----- Provided material -----
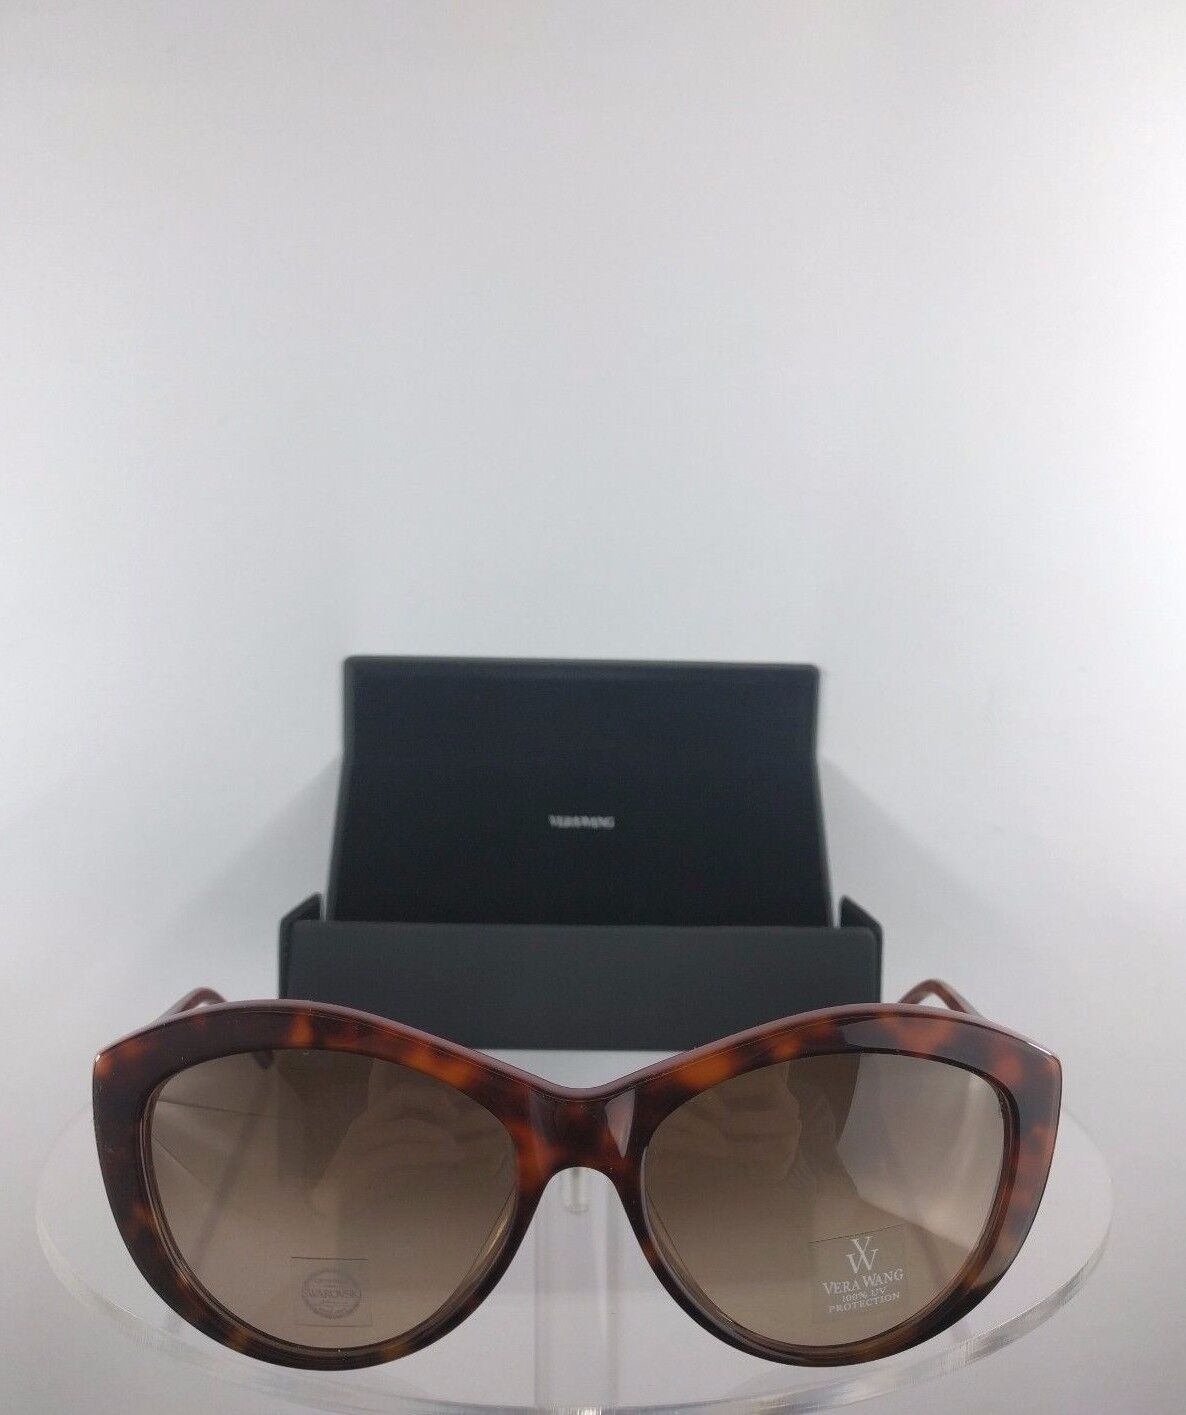 Brand New Authentic Vera Wang Sunglasses Agnella TO Crystal Tortoise Frame
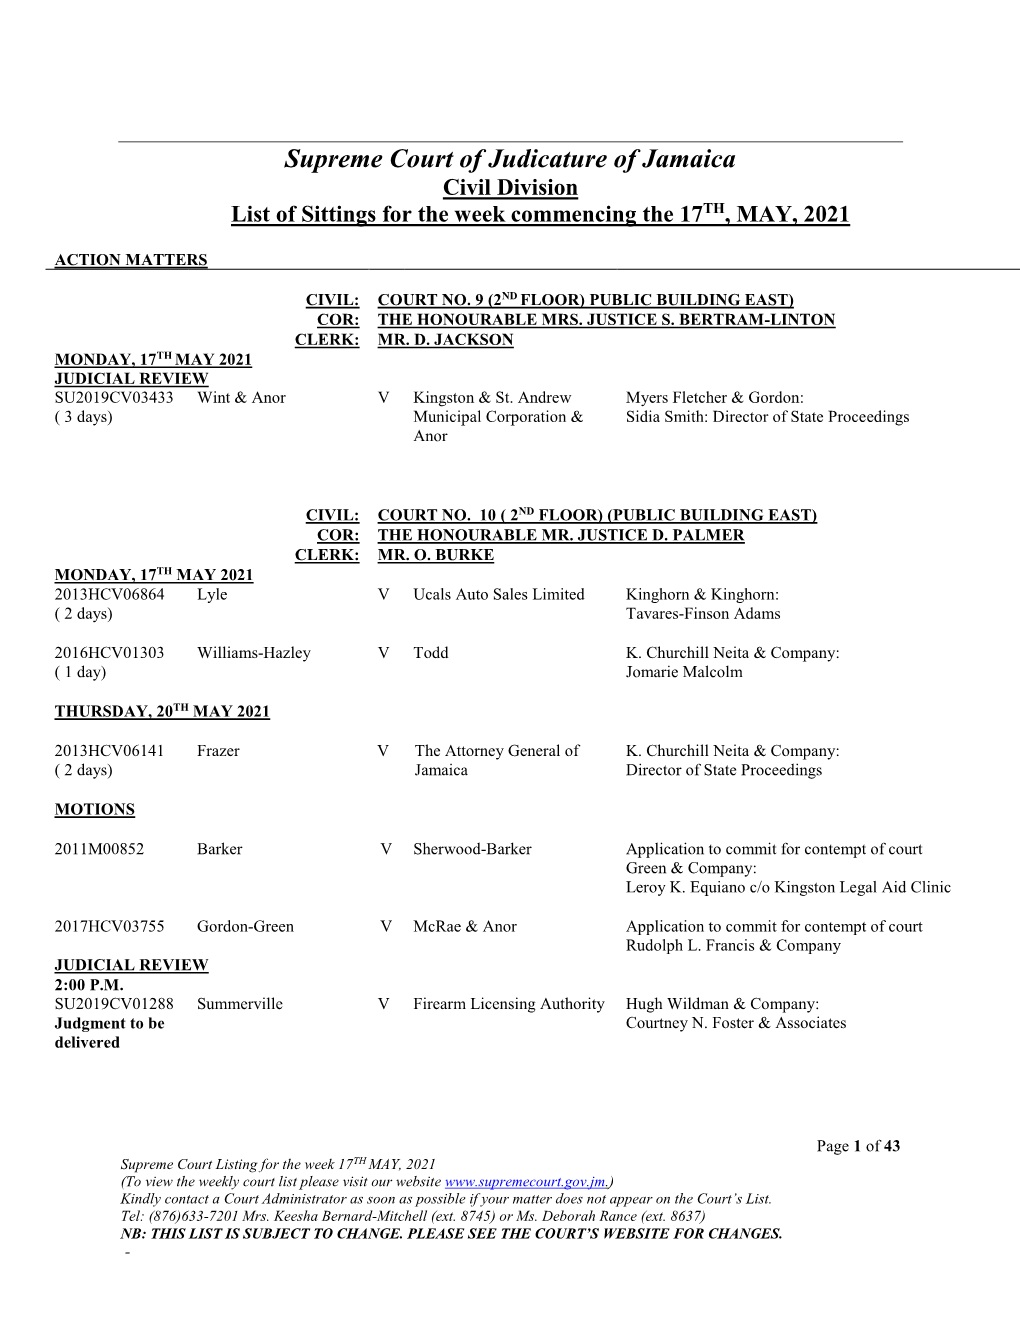 Supreme Court of Judicature of Jamaica Civil Division List of Sittings for the Week Commencing the 17TH, MAY, 2021
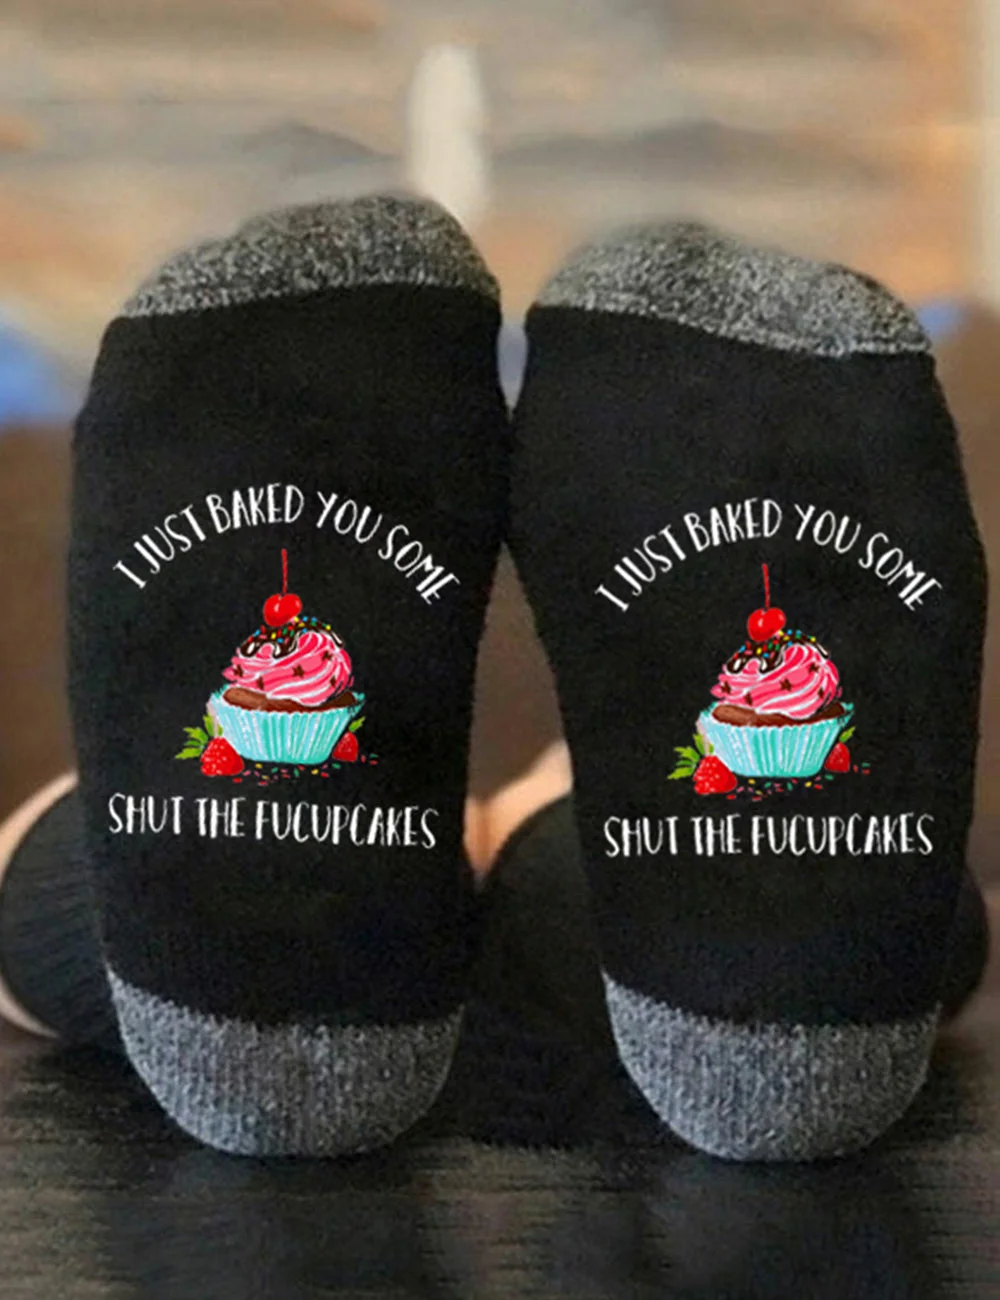 Lizzic I Just Baked You Some Shut The Fucupcakes Socks
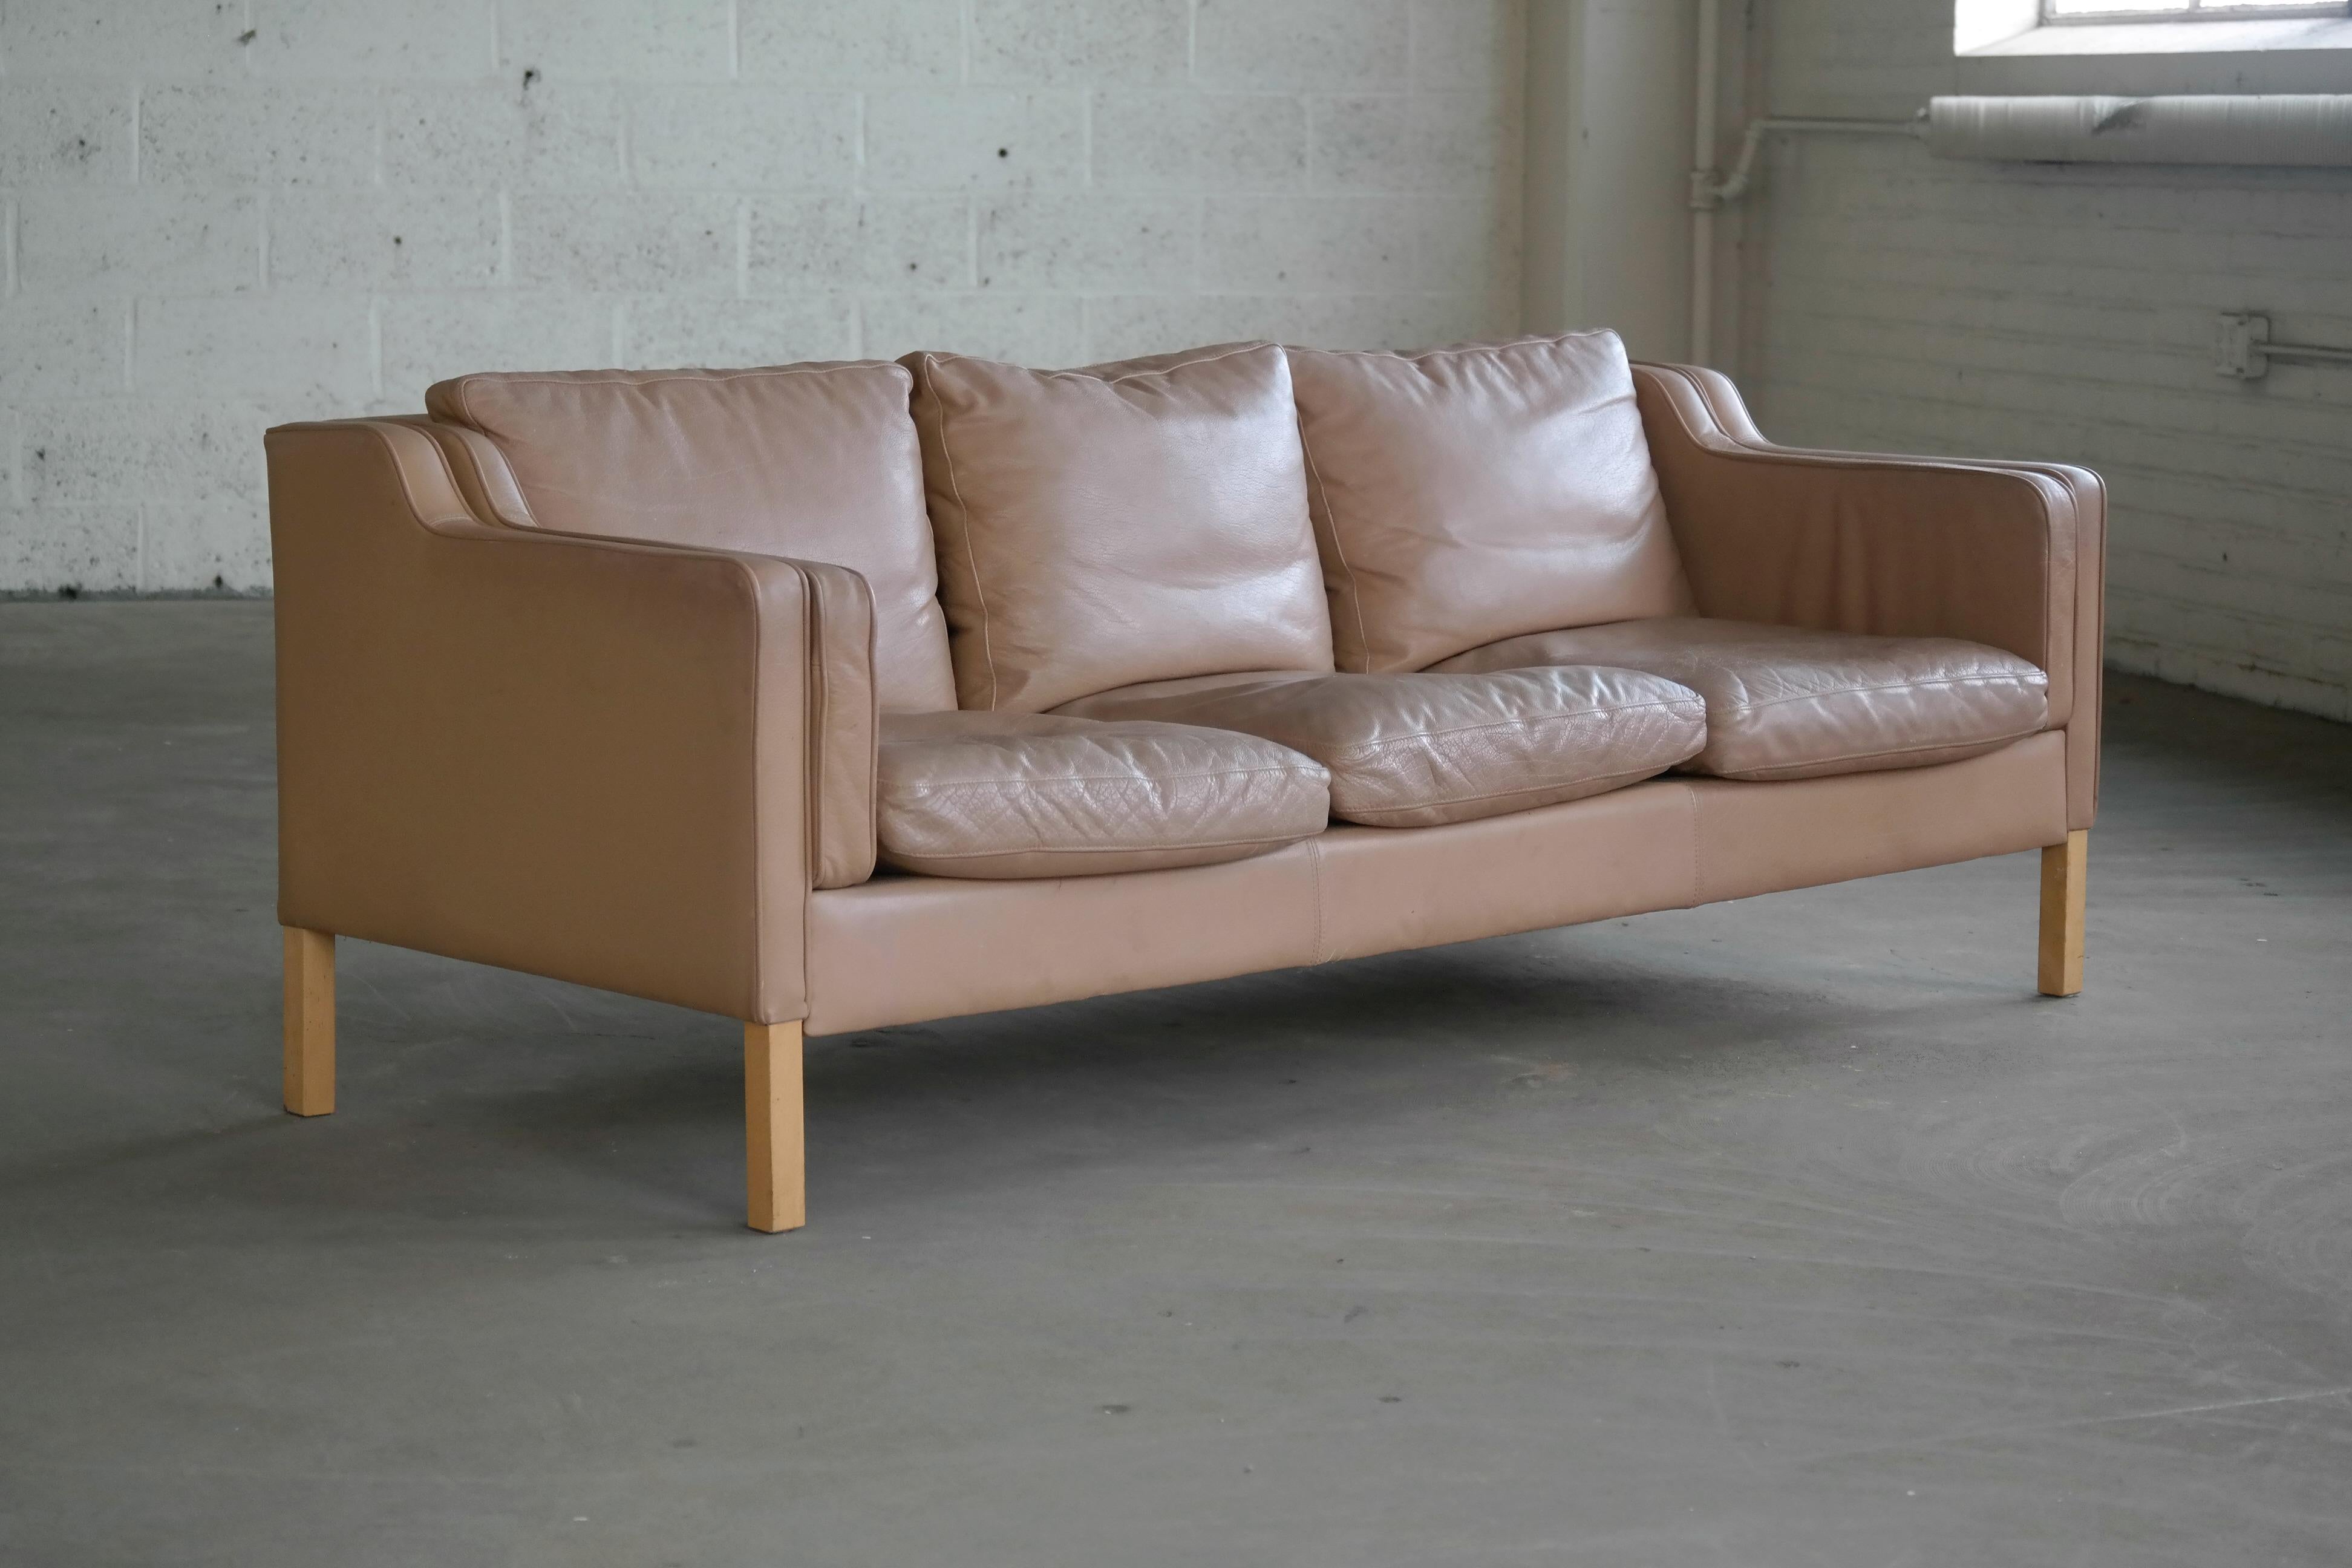 Classic Danish Midcentury Sofa in Tan Leather in the Style of Børge Mogensen 7
-----
**Exercise description:**
The listing above must be restated word for word. Its pictures are to be left out.

**Answer space:**
 Brand New Authentic Vera Wang Sunglasses Agnella TO Crystal Tortoise Frame
 Supreme Court of Judicature of Jamaica Civil Division List of Sittings for the Week Commencing the 17TH, MAY, 2021
 Lizzic I Just Baked You Some Shut The Fucupcakes Socks
 Classic Danish Midcentury Sofa in Tan Leather in the Style of Børge Mogensen 7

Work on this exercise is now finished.